* **SOURCE MATERIAL**
◇ ◇ ◇ ◇

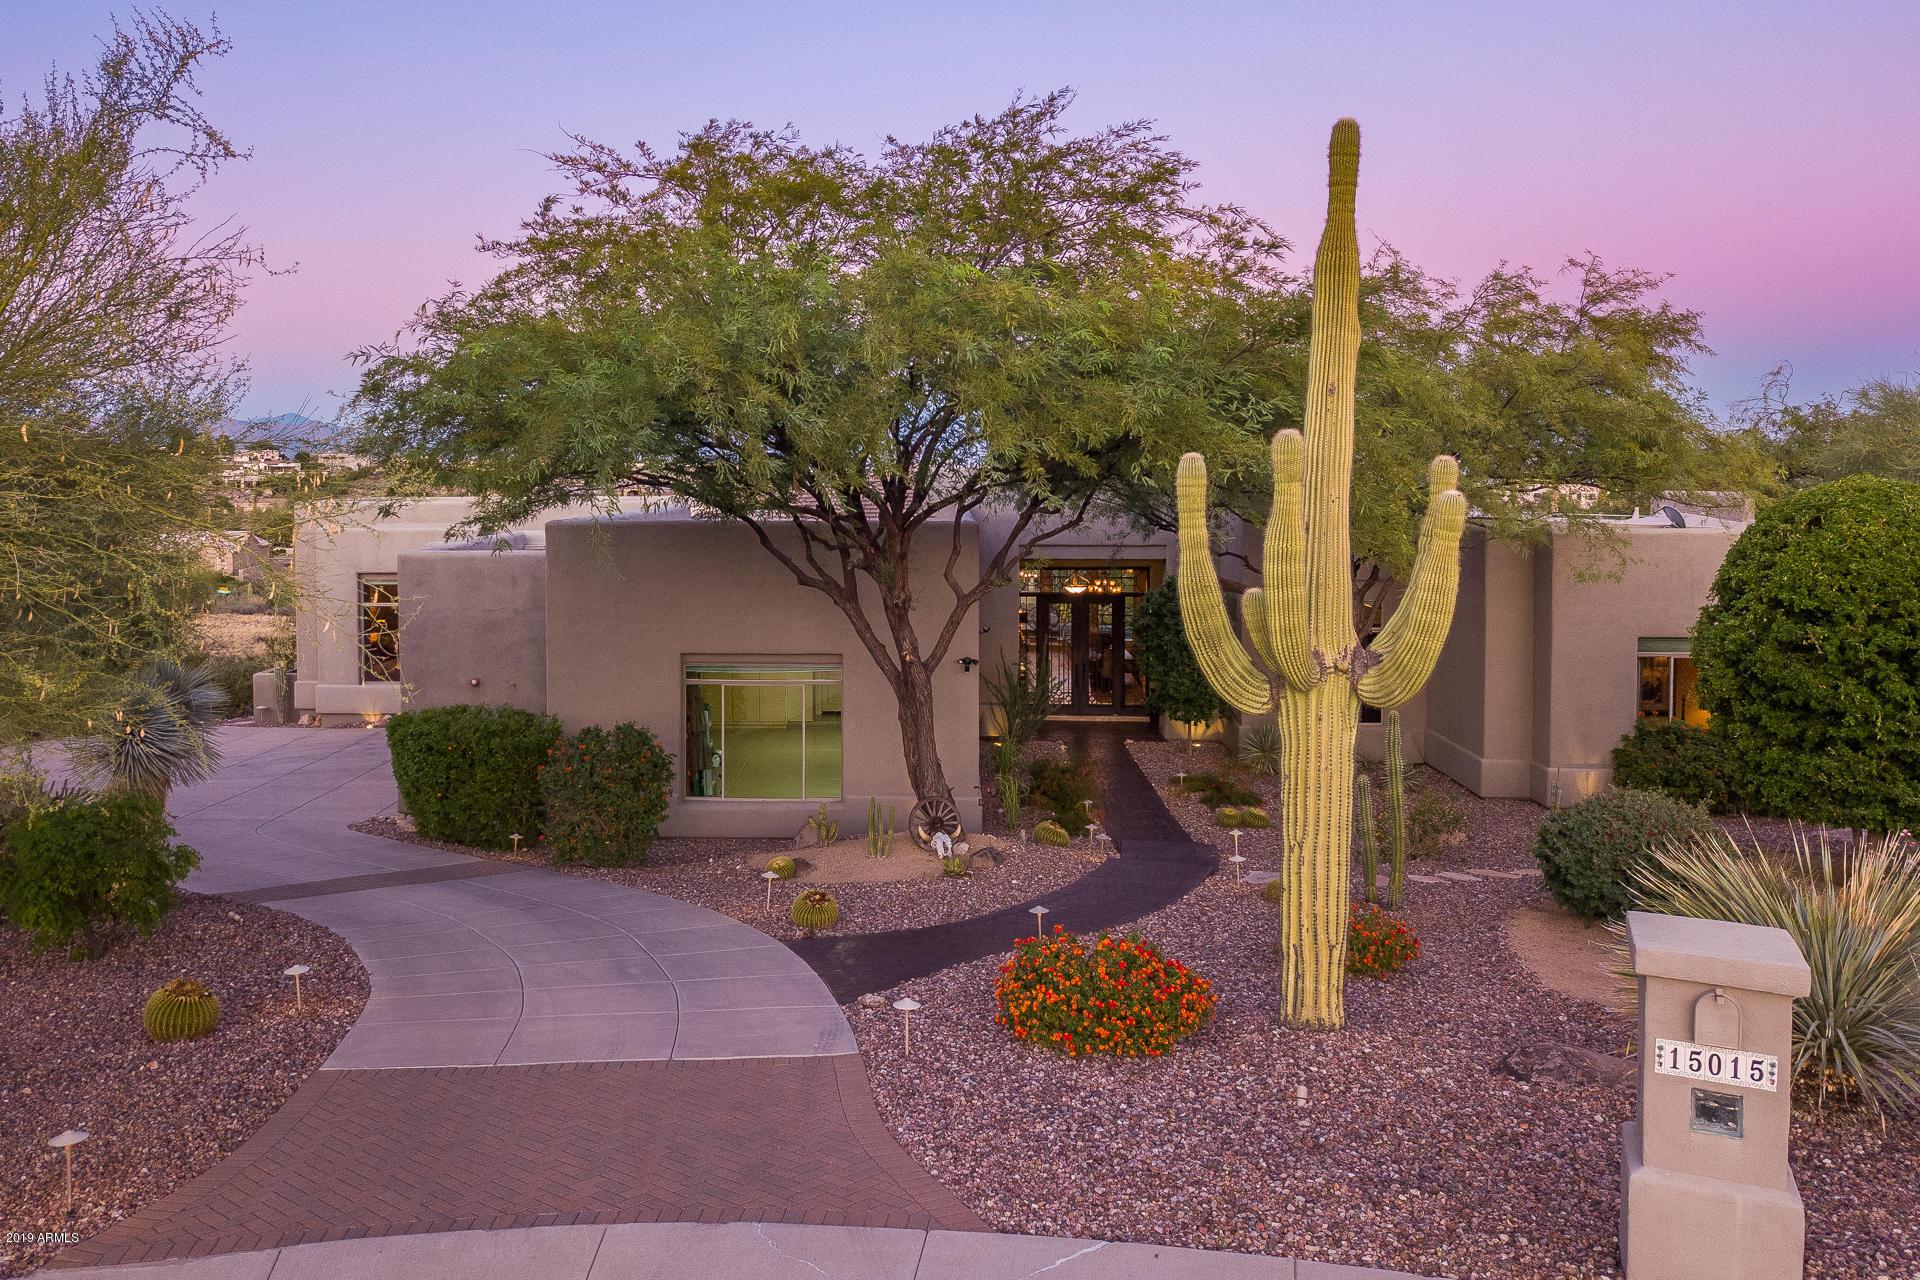 Photo of 15015 N WREN Court, Fountain Hills, AZ 85268
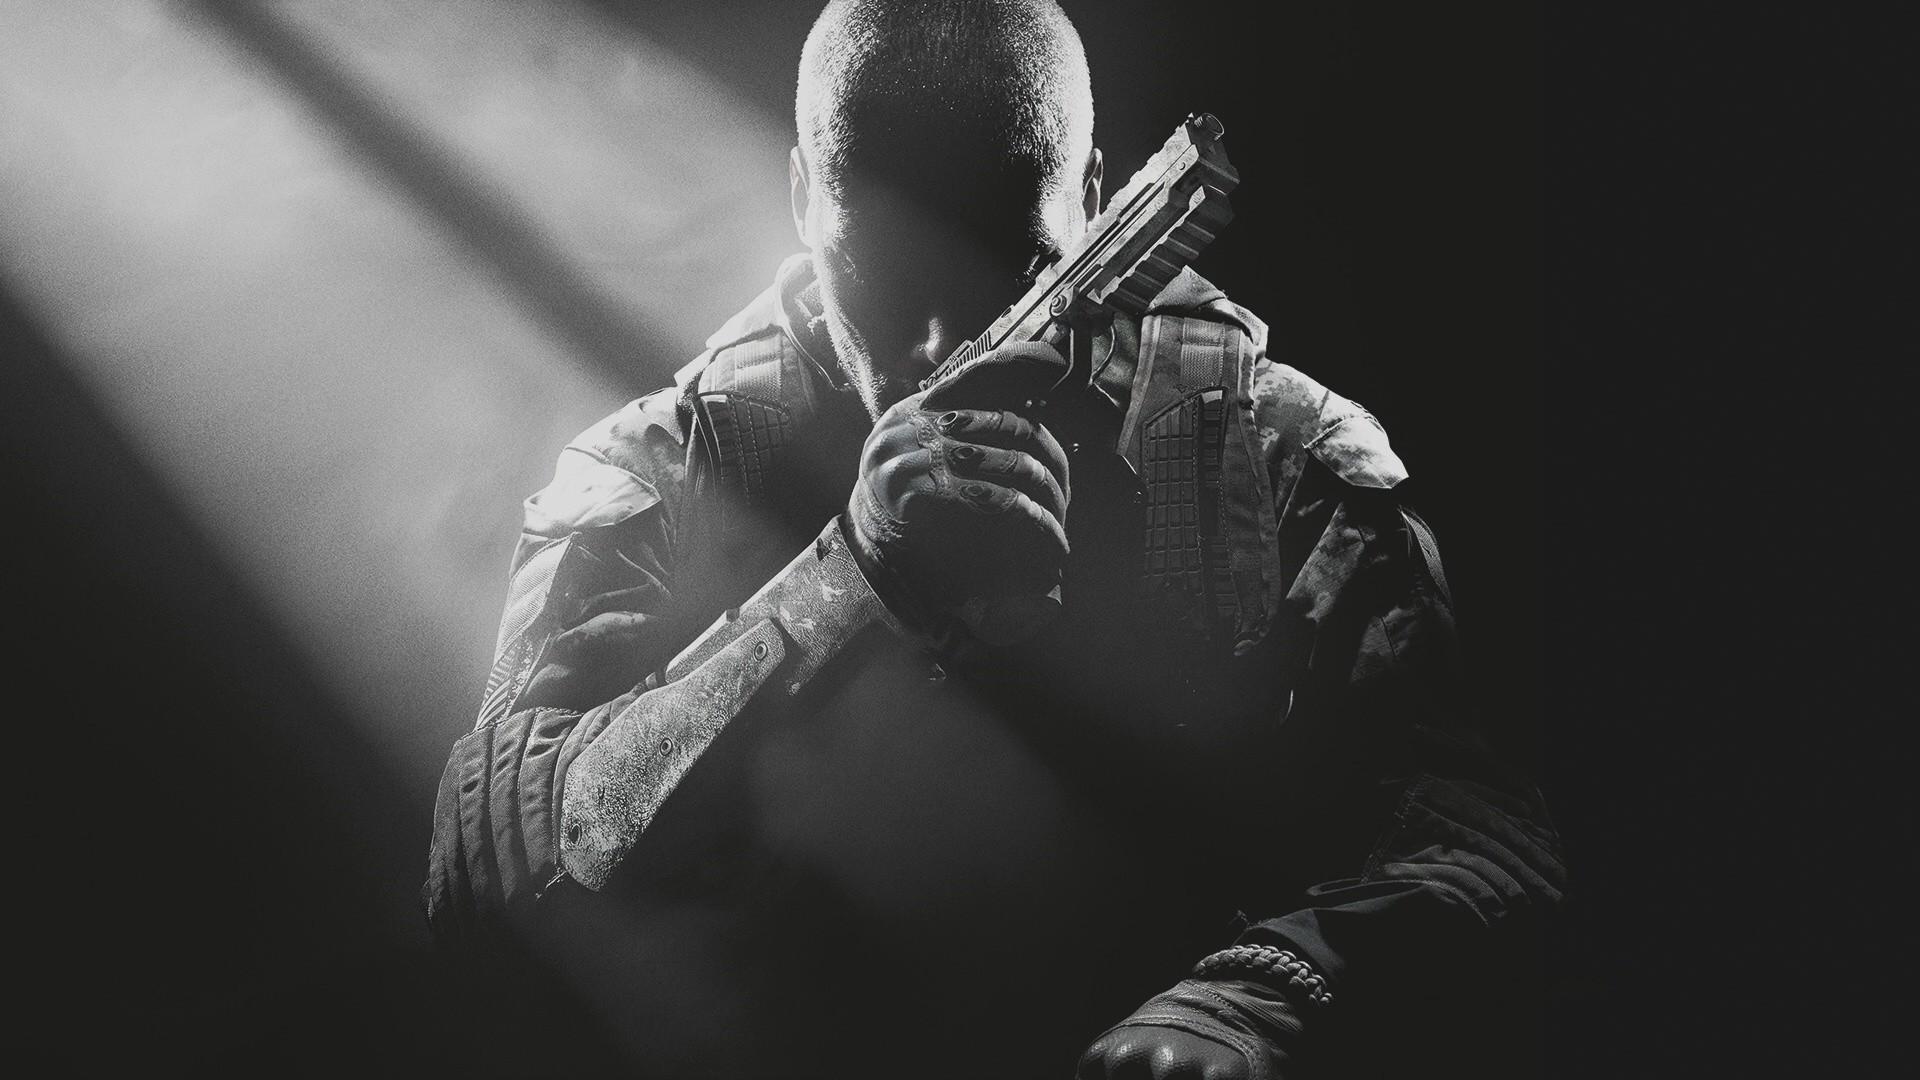 Call of Duty Black Ops II HD desktop wallpaper Widescreen High 1920×1080
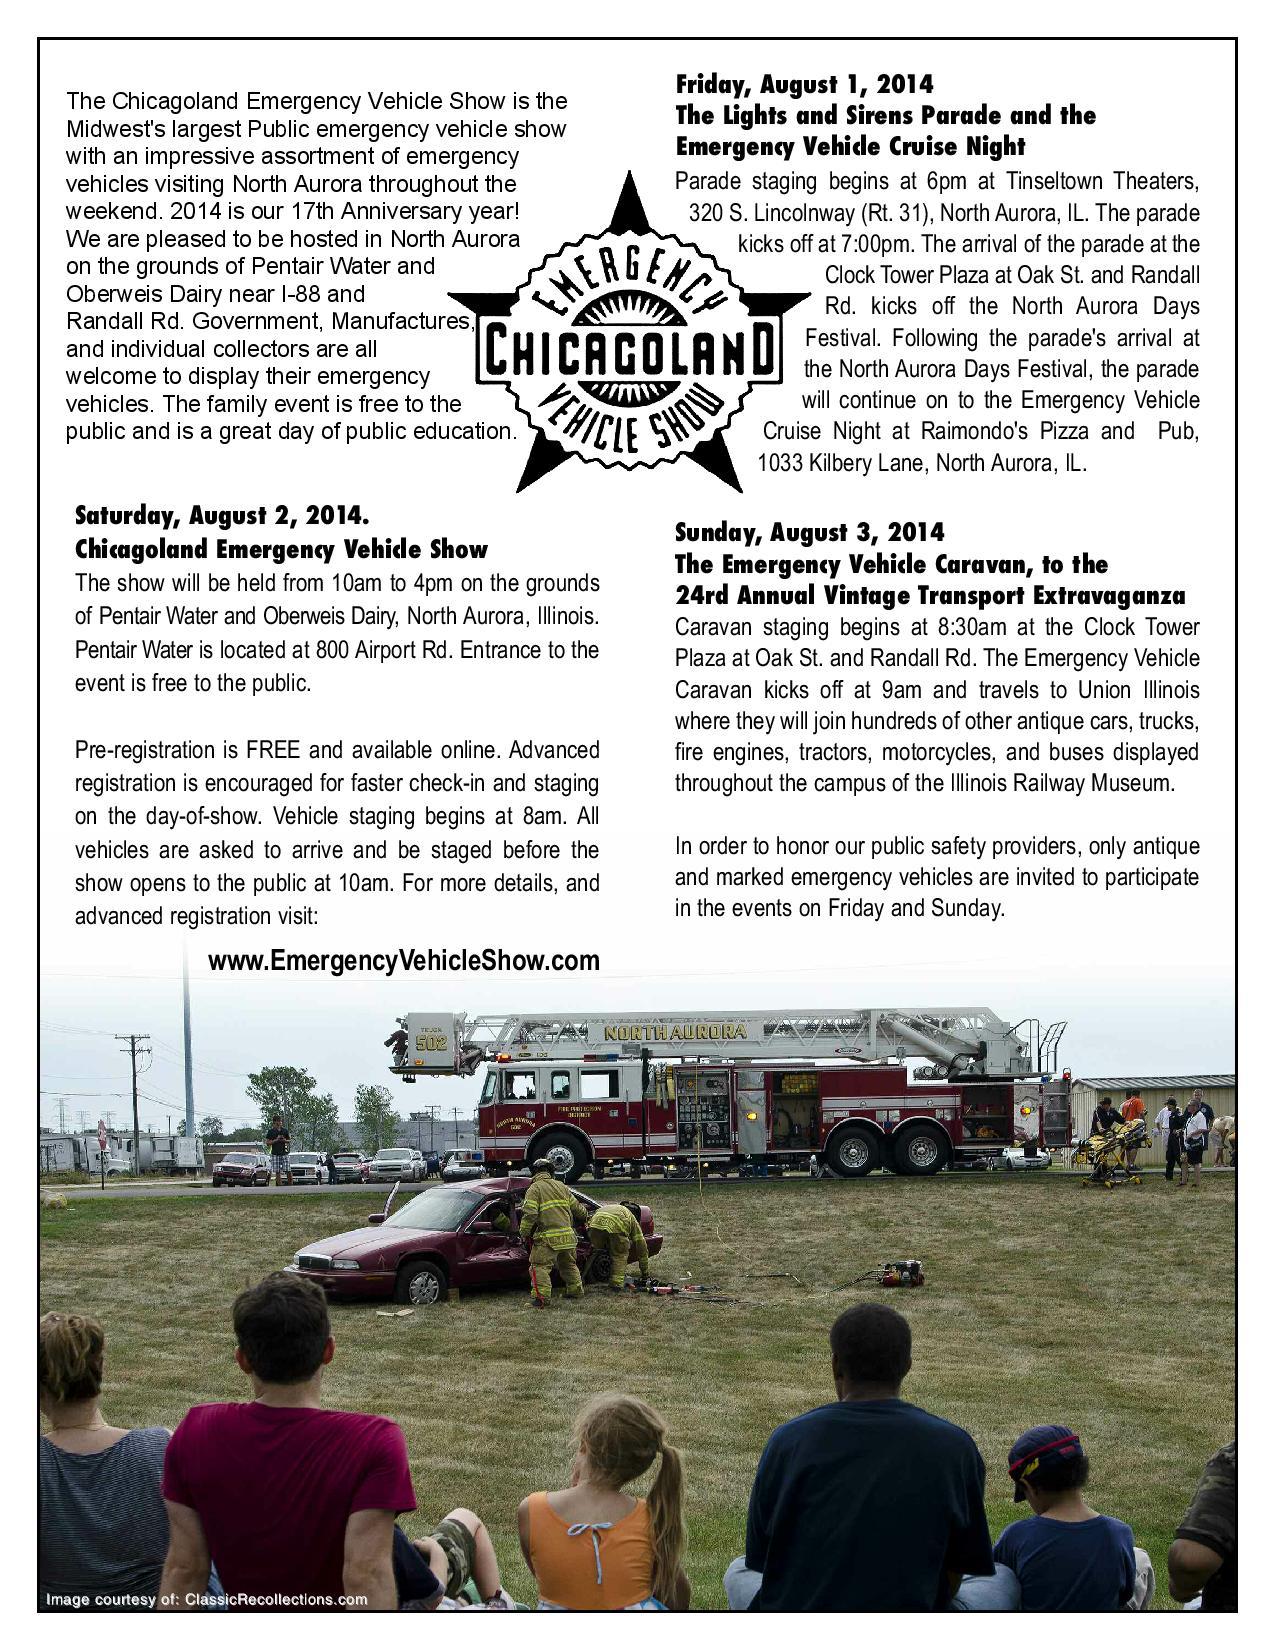 Chicagoland Emergency Vehicle Show

◇ ◇ ◇ ◇

* **WHAT YOU SHOULD DO**
Please restate the whole listing exactly, without any of its pictures.

* **TASK SOLUTION**
 Photo of 15015 N WREN Court, Fountain Hills, AZ 85268
 Call of Duty Black Ops II HD desktop wallpaper Widescreen High 1920×1080
 Chicagoland Emergency Vehicle Show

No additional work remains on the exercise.